■ **EXERCISE REQUIREMENTS**
In the data below, find the line with "Nơi phân phối" and the line with "Woman performing ballet", then restate both and every line between them exactly, minus the pictures.

■ **SUPPLIED INFORMATION**
────────────────────────────────────────

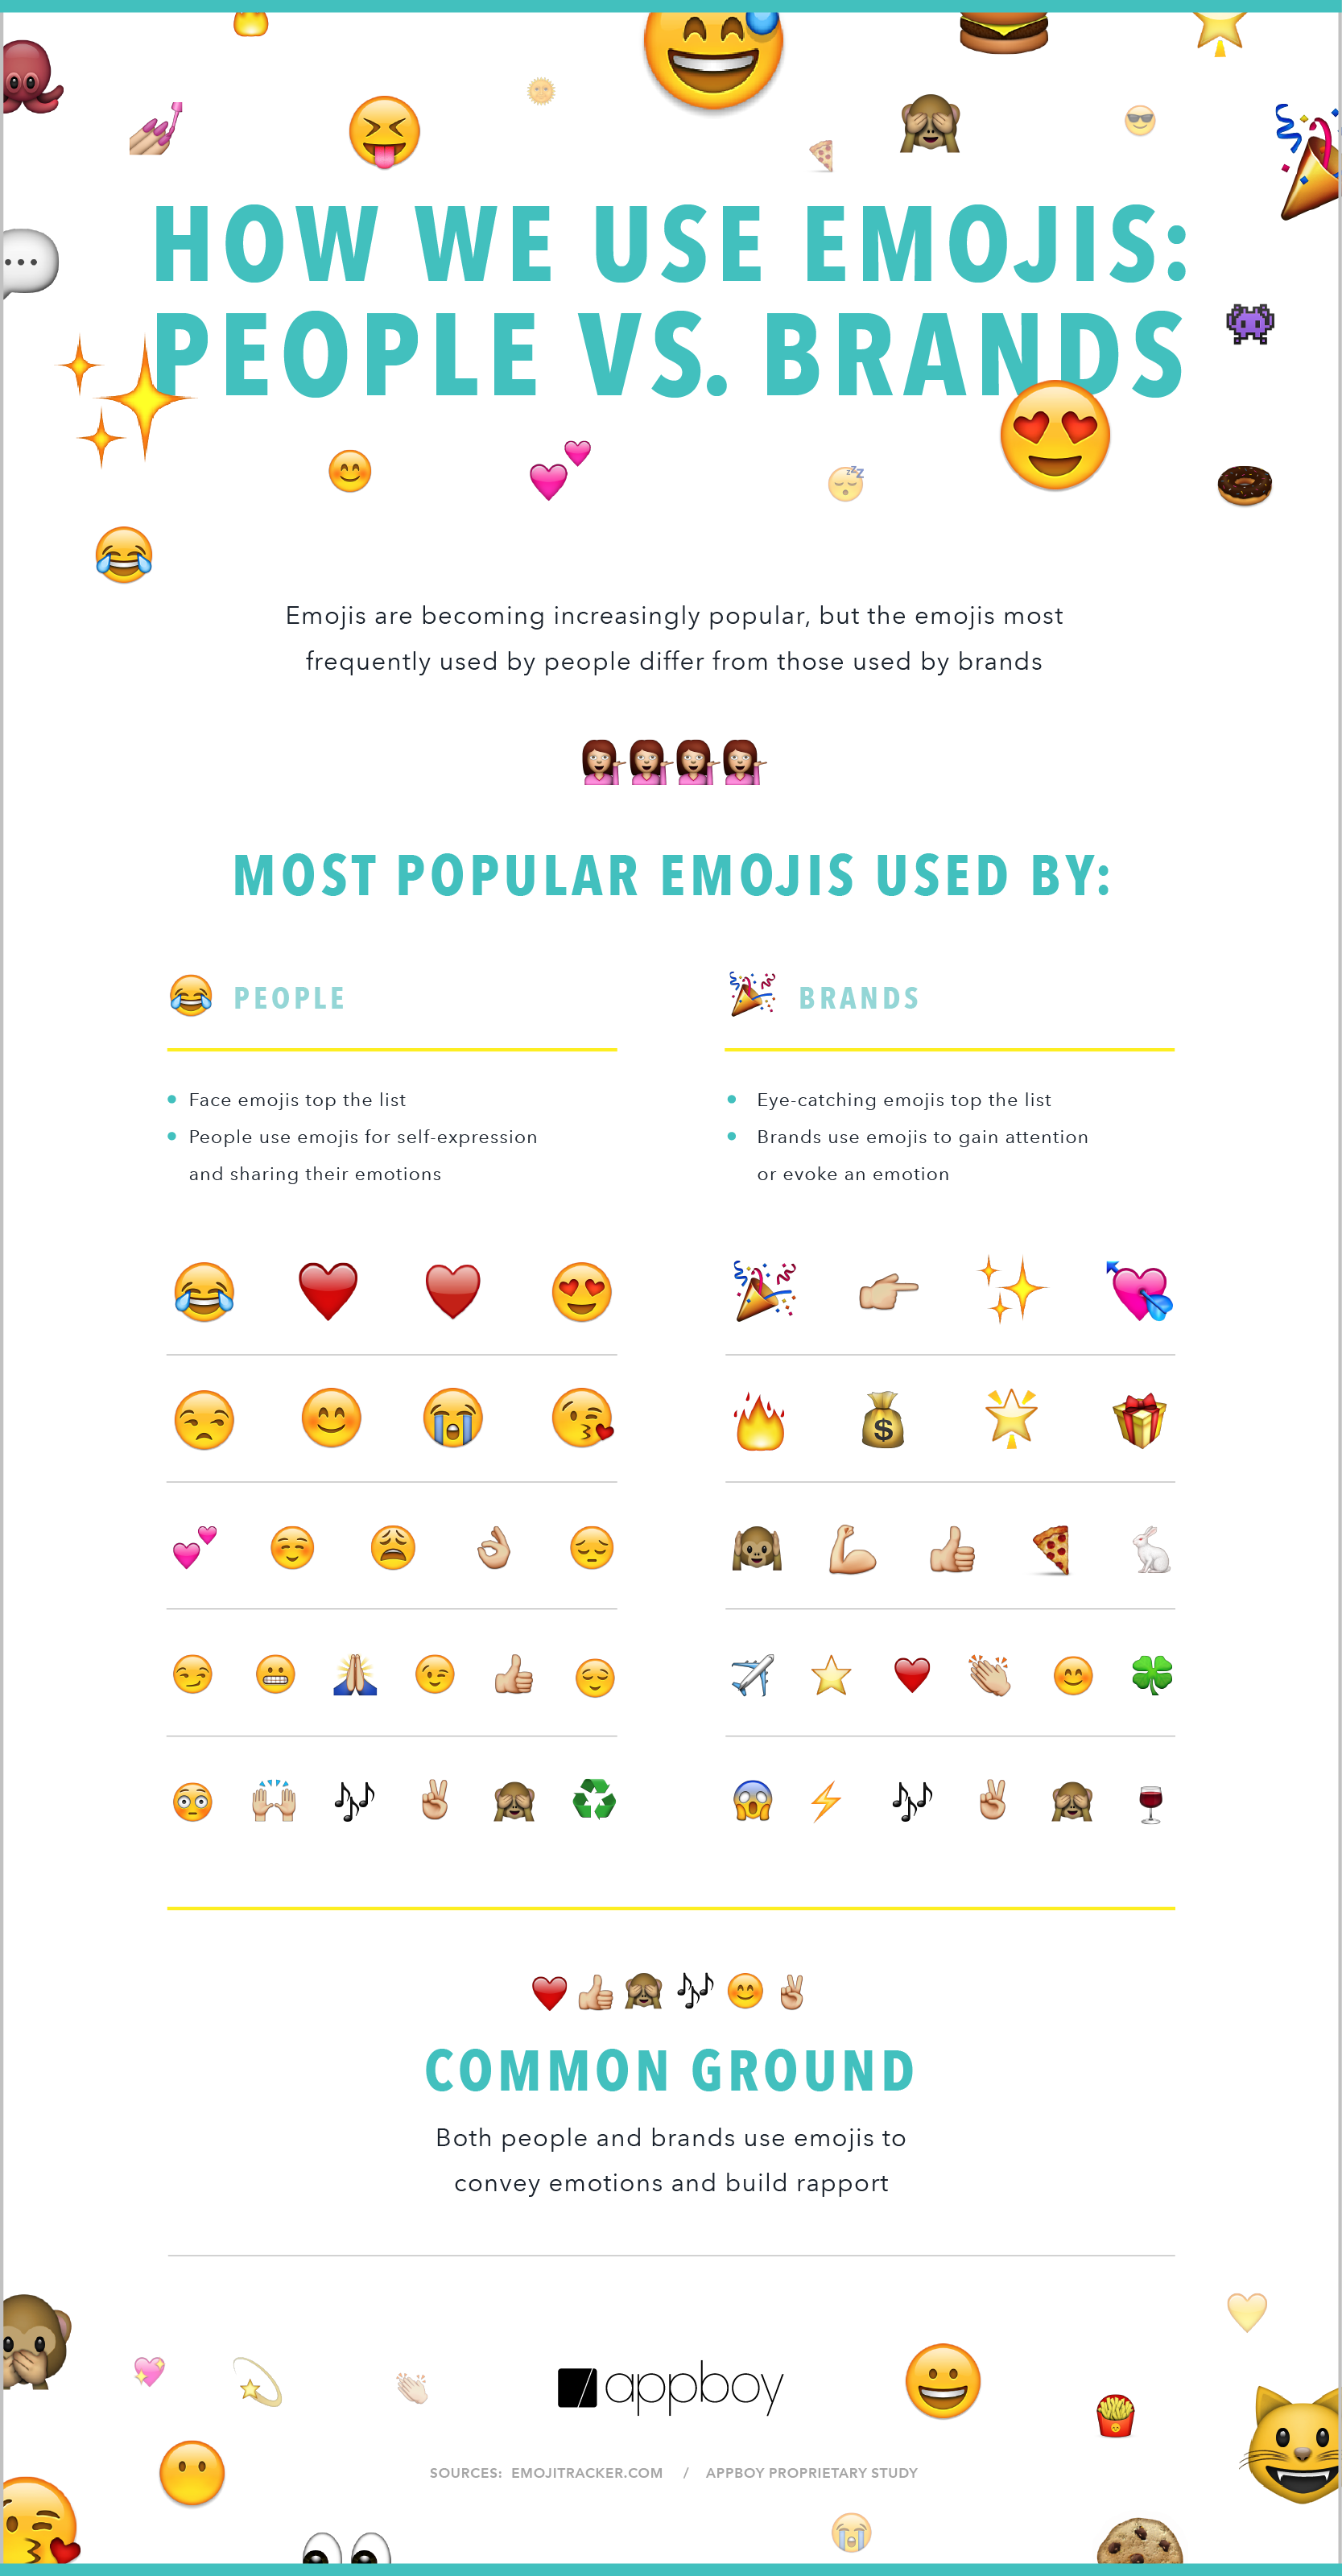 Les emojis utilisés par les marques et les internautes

────────────────────────────────────────

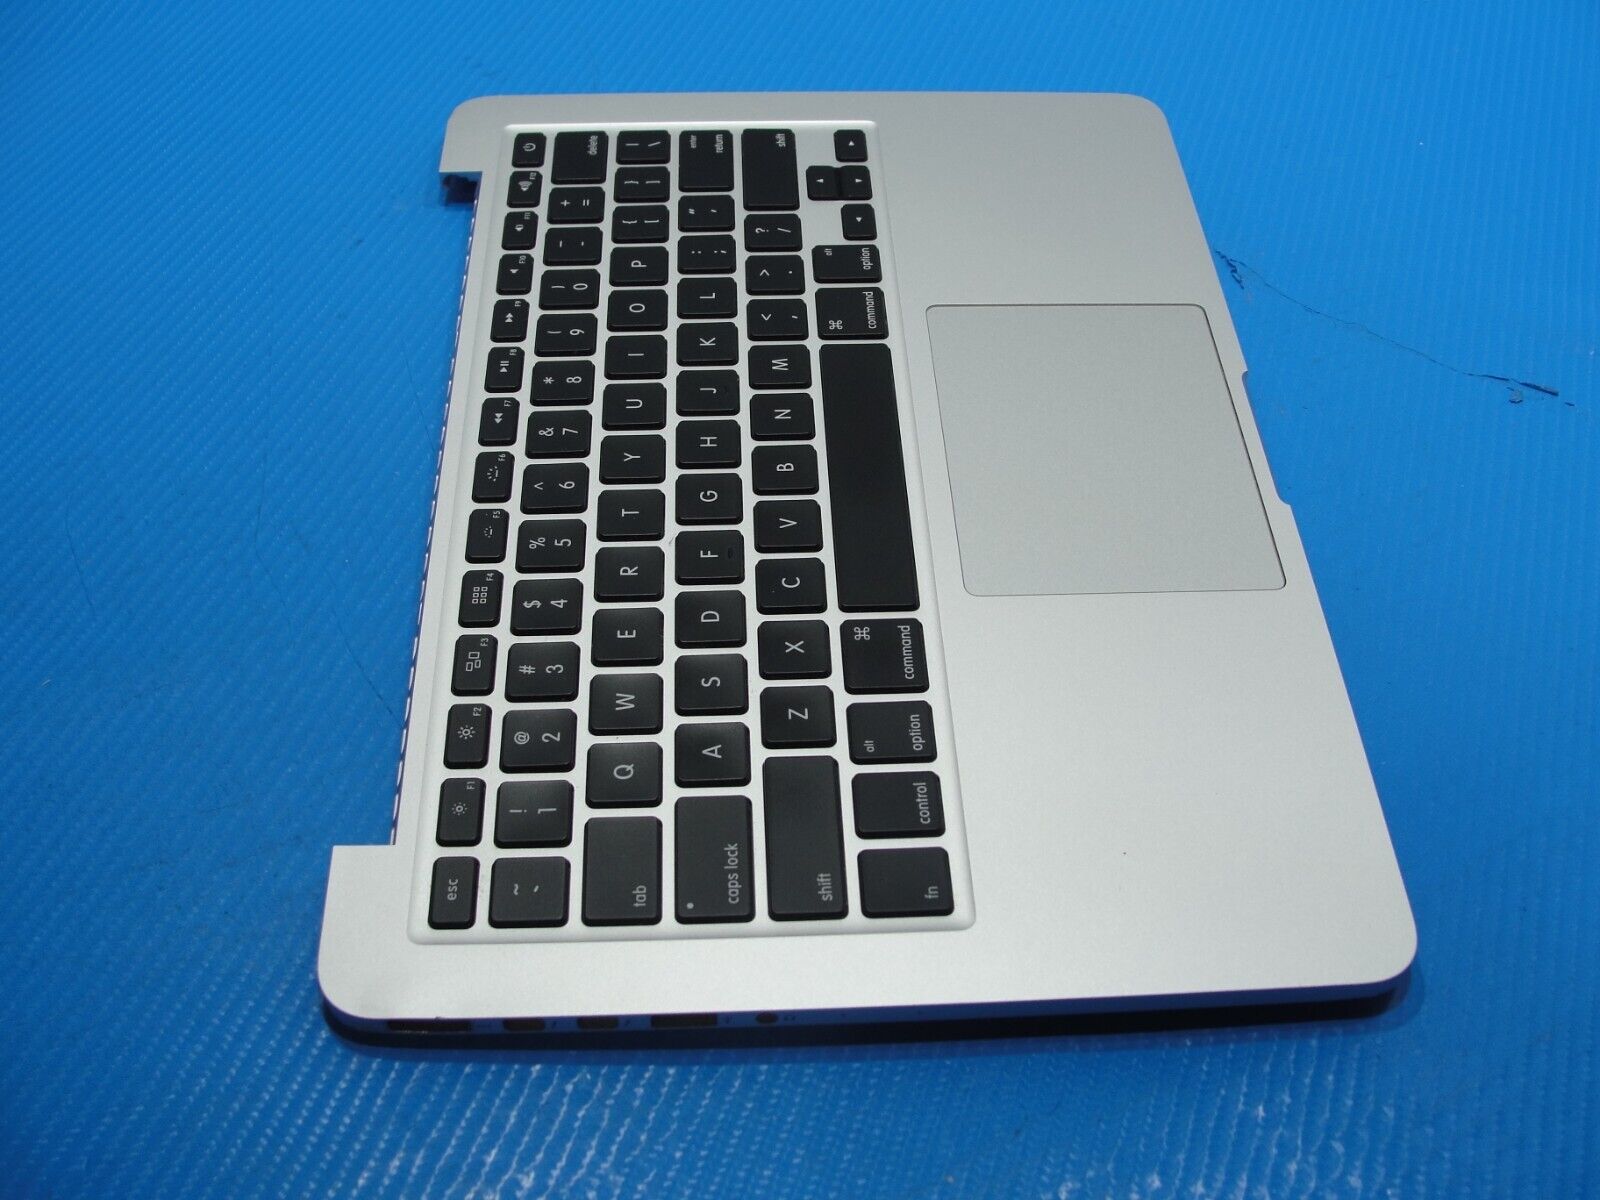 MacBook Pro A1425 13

────────────────────────────────────────

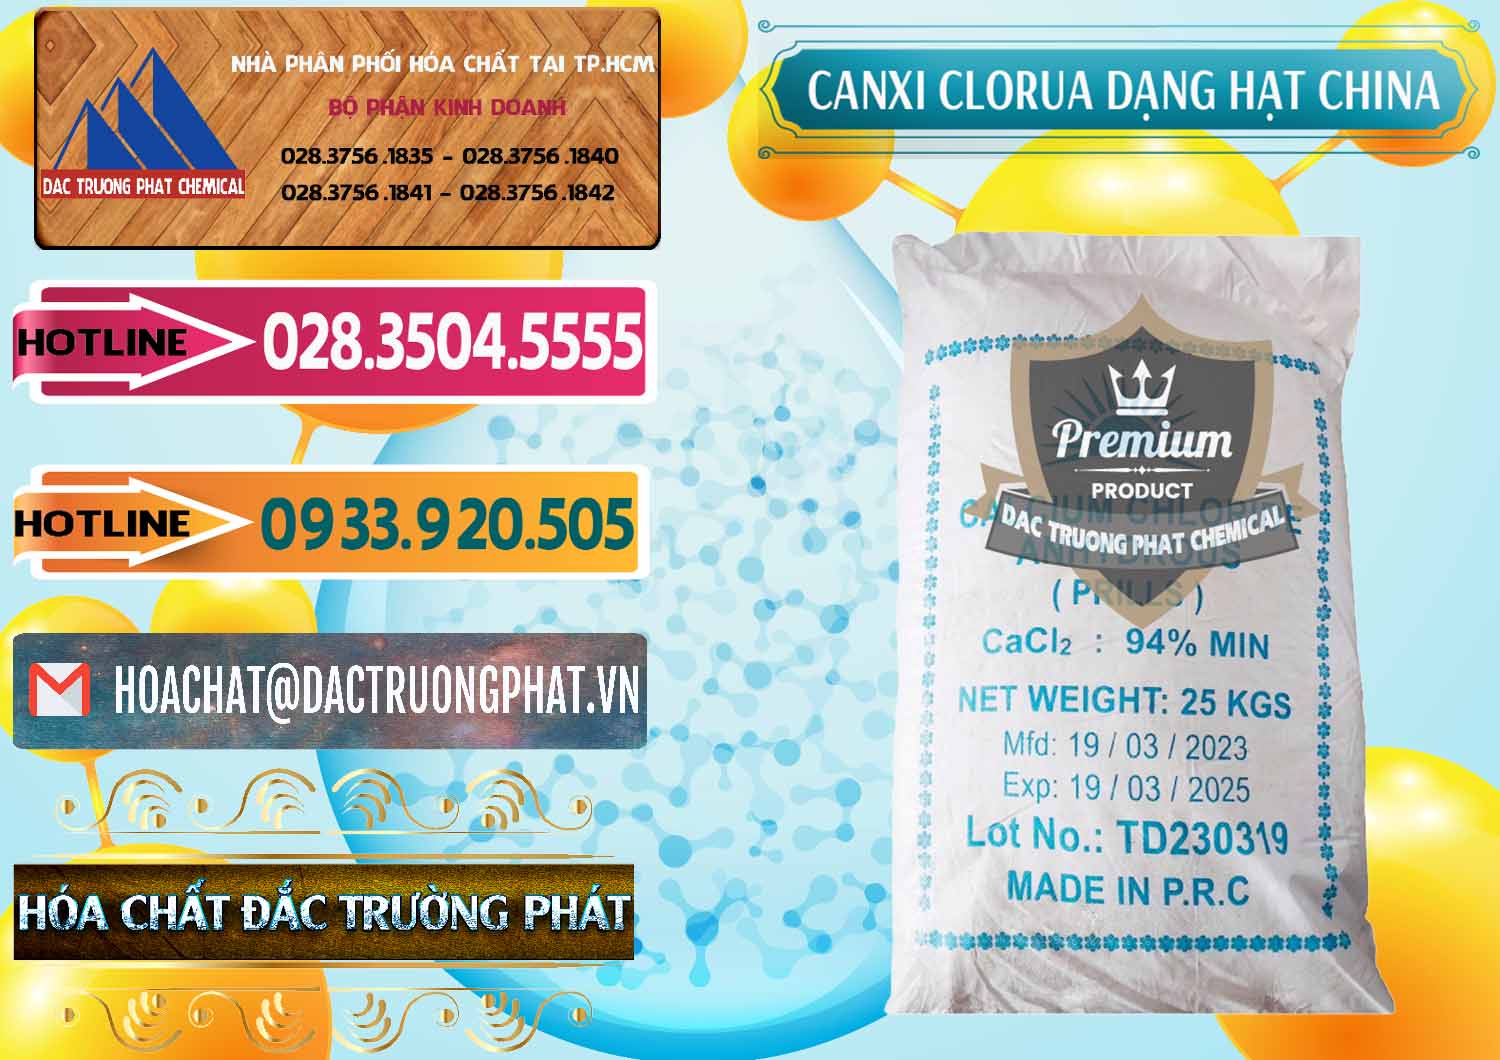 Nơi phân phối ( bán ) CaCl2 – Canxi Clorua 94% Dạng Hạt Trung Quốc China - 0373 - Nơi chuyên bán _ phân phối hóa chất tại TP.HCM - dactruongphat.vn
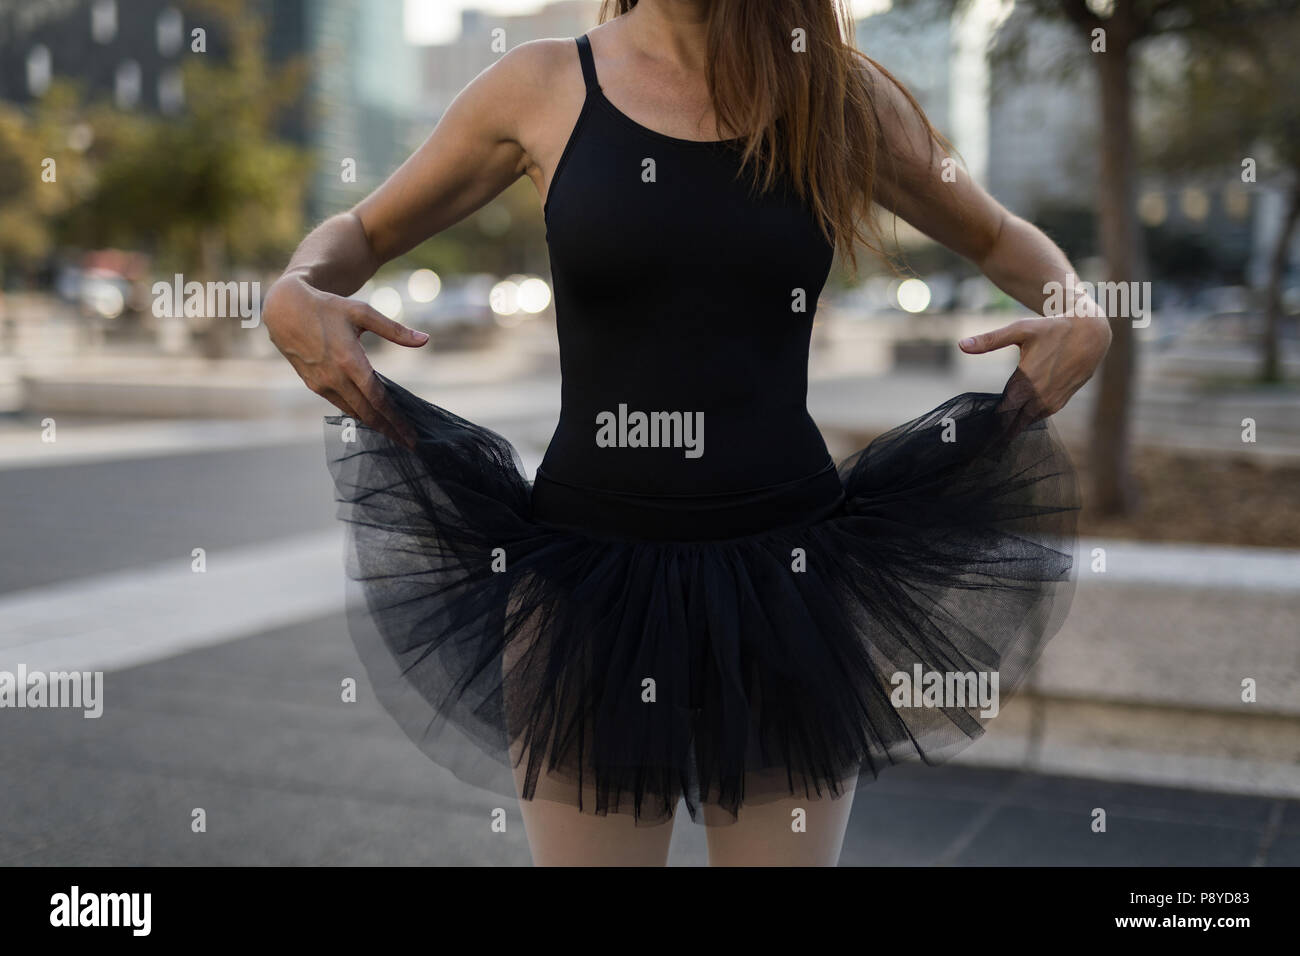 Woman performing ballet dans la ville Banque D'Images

────────────────────────────────────────

■ **RESULT**
 Nơi phân phối ( bán ) CaCl2 – Canxi Clorua 94% Dạng Hạt Trung Quốc China - 0373 - Nơi chuyên bán _ phân phối hóa chất tại TP.HCM - dactruongphat.vn
 Woman performing ballet dans la ville Banque D'Images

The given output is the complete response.